Work request
What you return should be the lines from the one with "Come join us!" through the one with "Link in bio" in the data below, reproduced exactly with both ends, and no pictures at all.

Materials provided

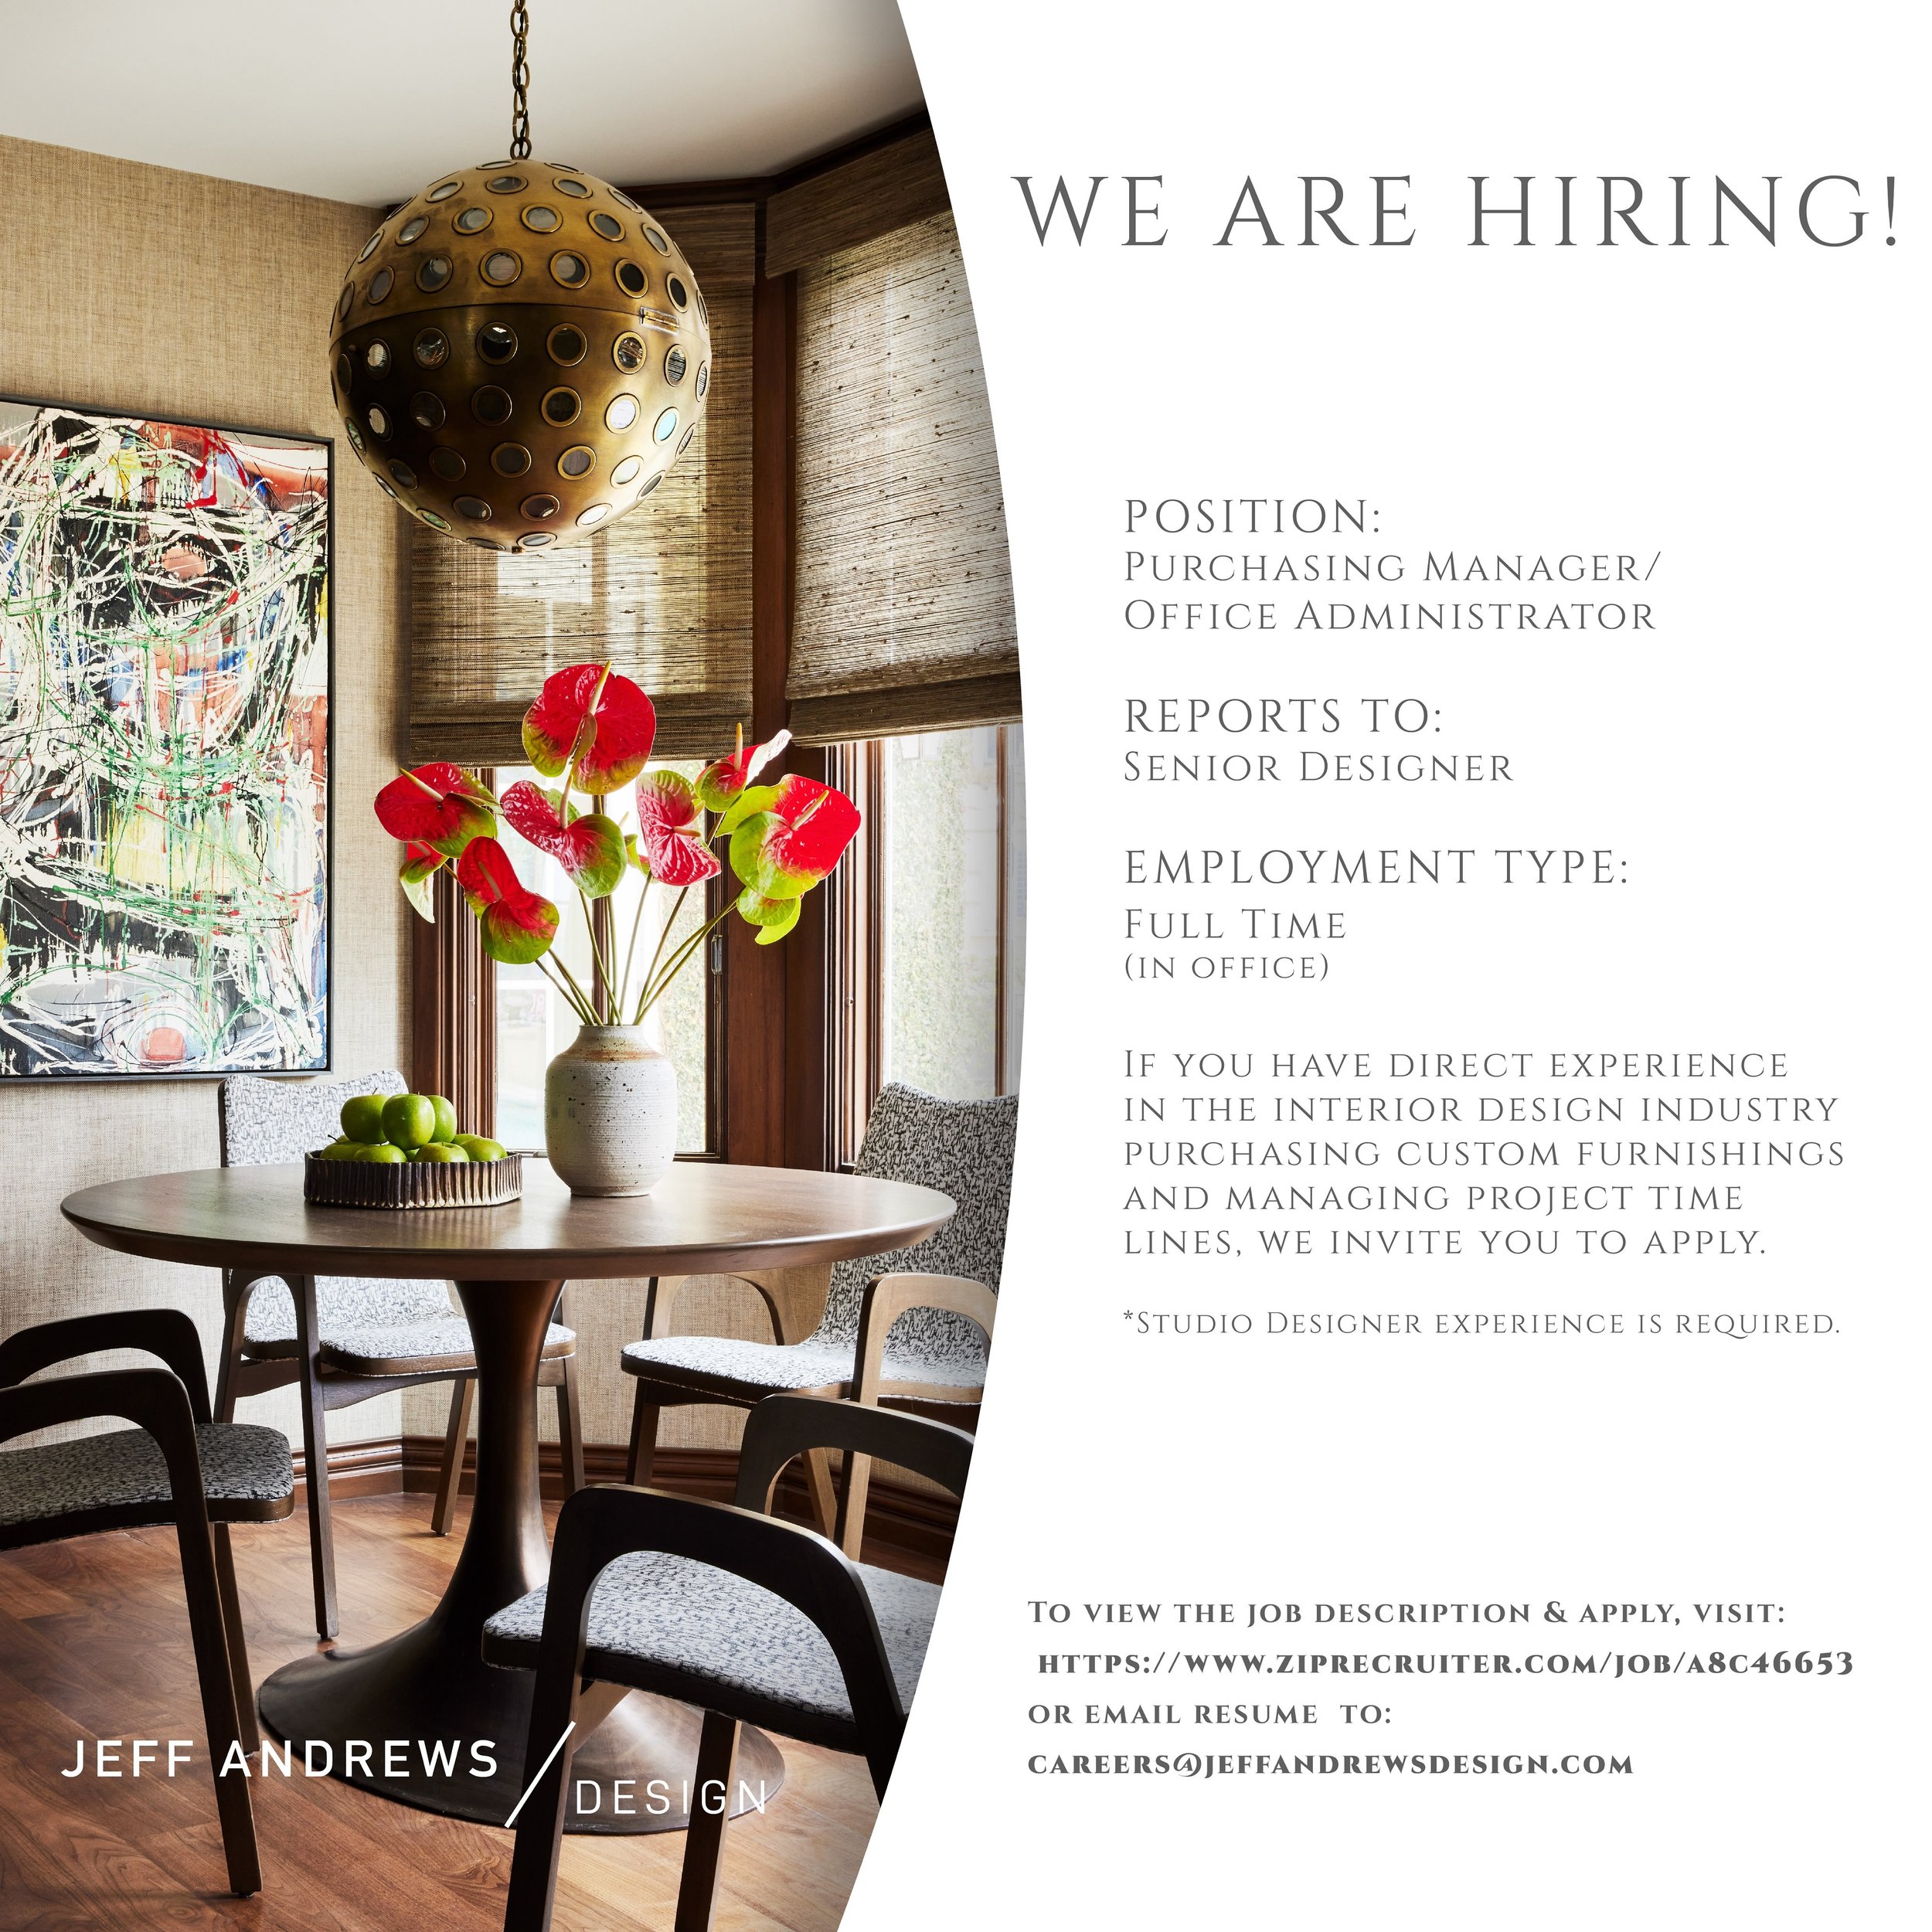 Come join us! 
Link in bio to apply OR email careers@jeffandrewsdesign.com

---

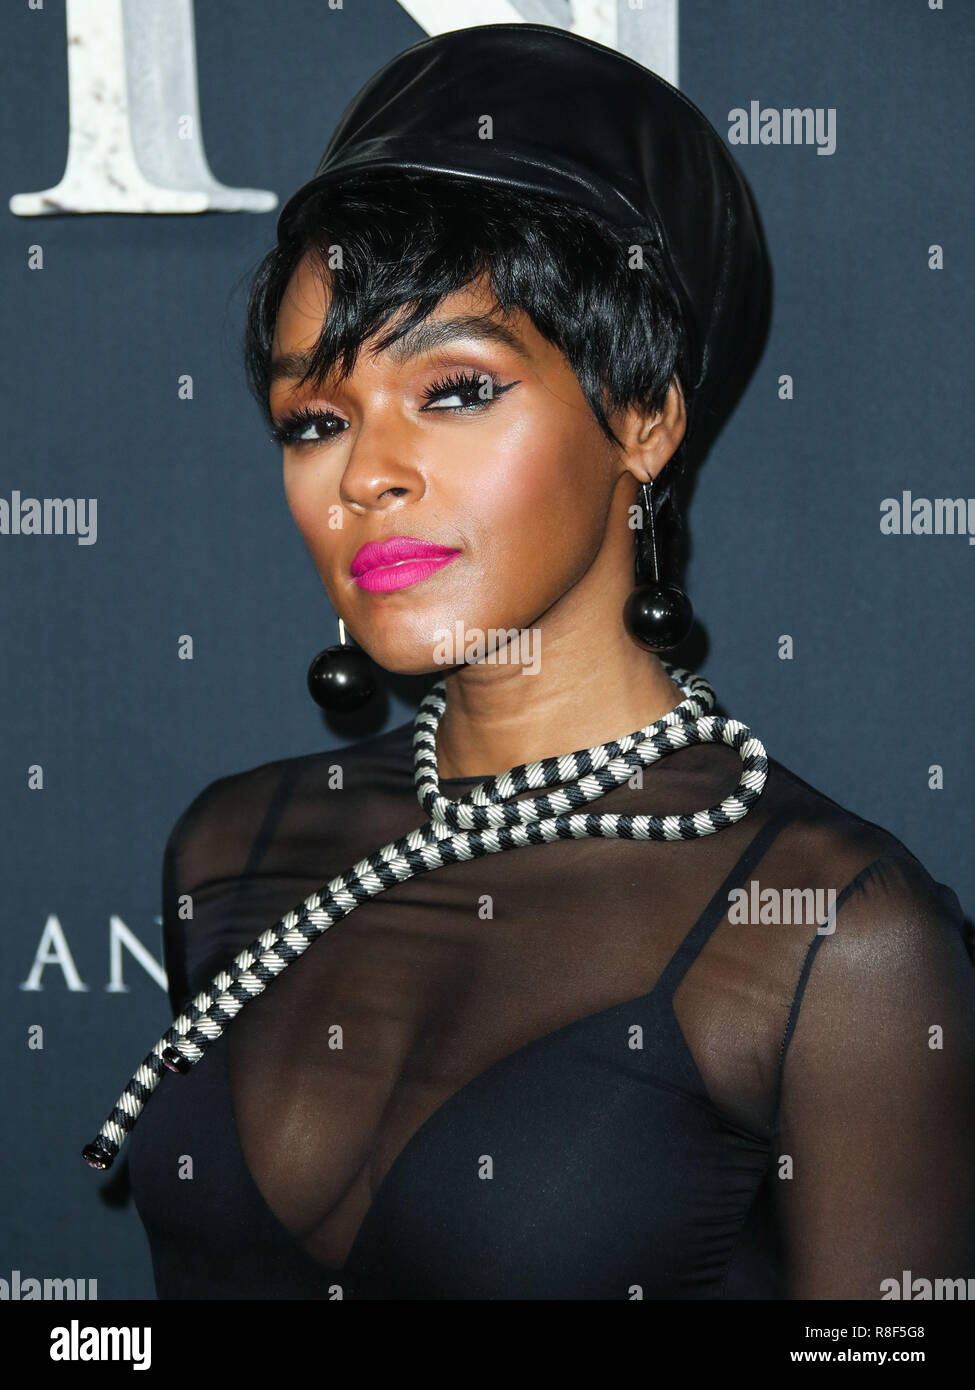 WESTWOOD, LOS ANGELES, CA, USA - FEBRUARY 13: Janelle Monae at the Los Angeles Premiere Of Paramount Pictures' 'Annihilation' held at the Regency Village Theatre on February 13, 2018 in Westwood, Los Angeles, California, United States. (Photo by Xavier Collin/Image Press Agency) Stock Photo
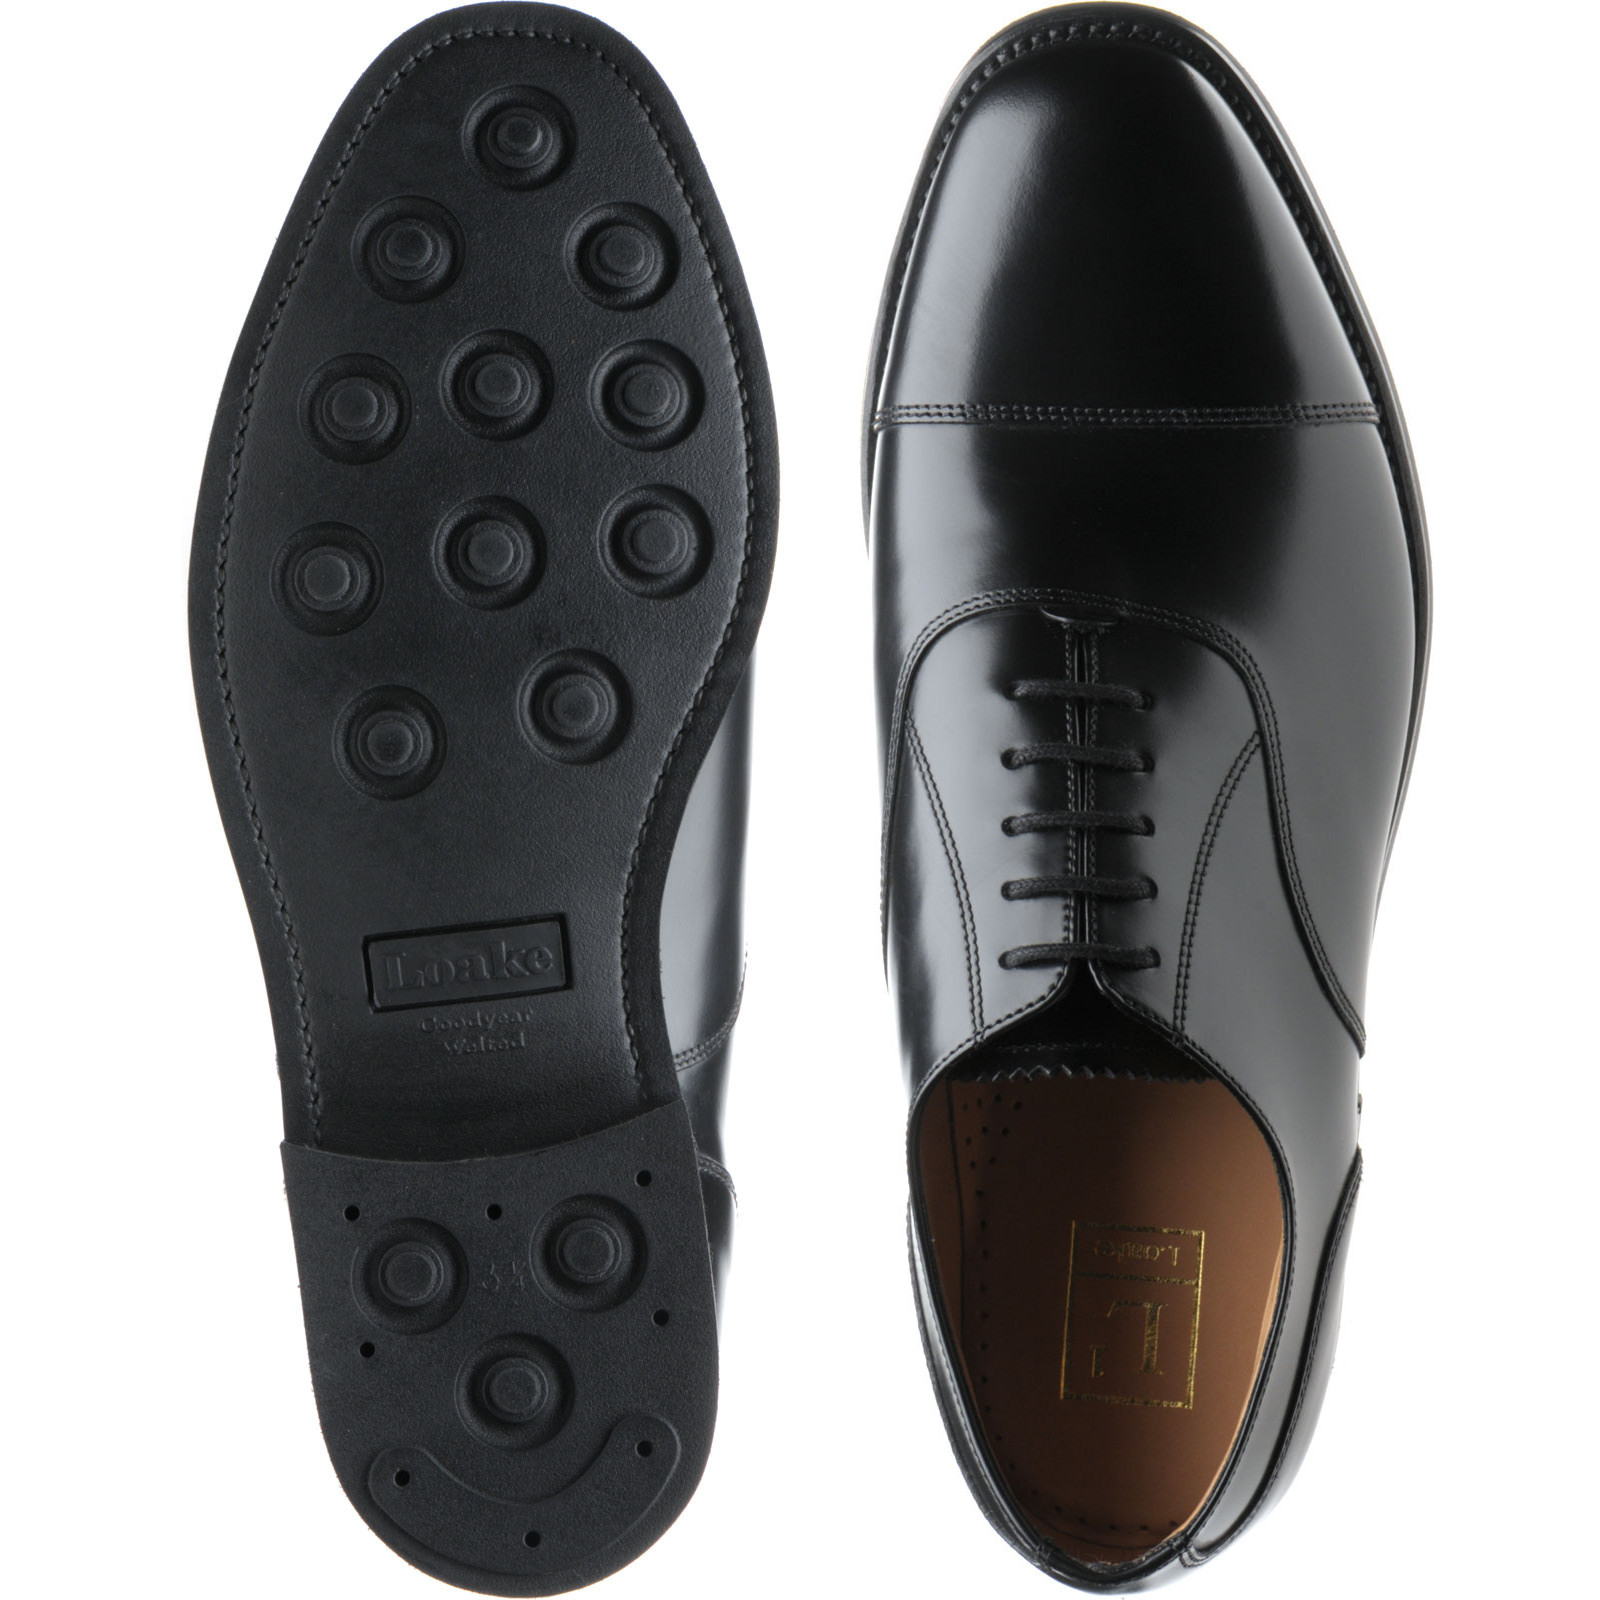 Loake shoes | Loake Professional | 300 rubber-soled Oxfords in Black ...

Task result
 Come join us! 
Link in bio to apply OR email careers@jeffandrewsdesign.com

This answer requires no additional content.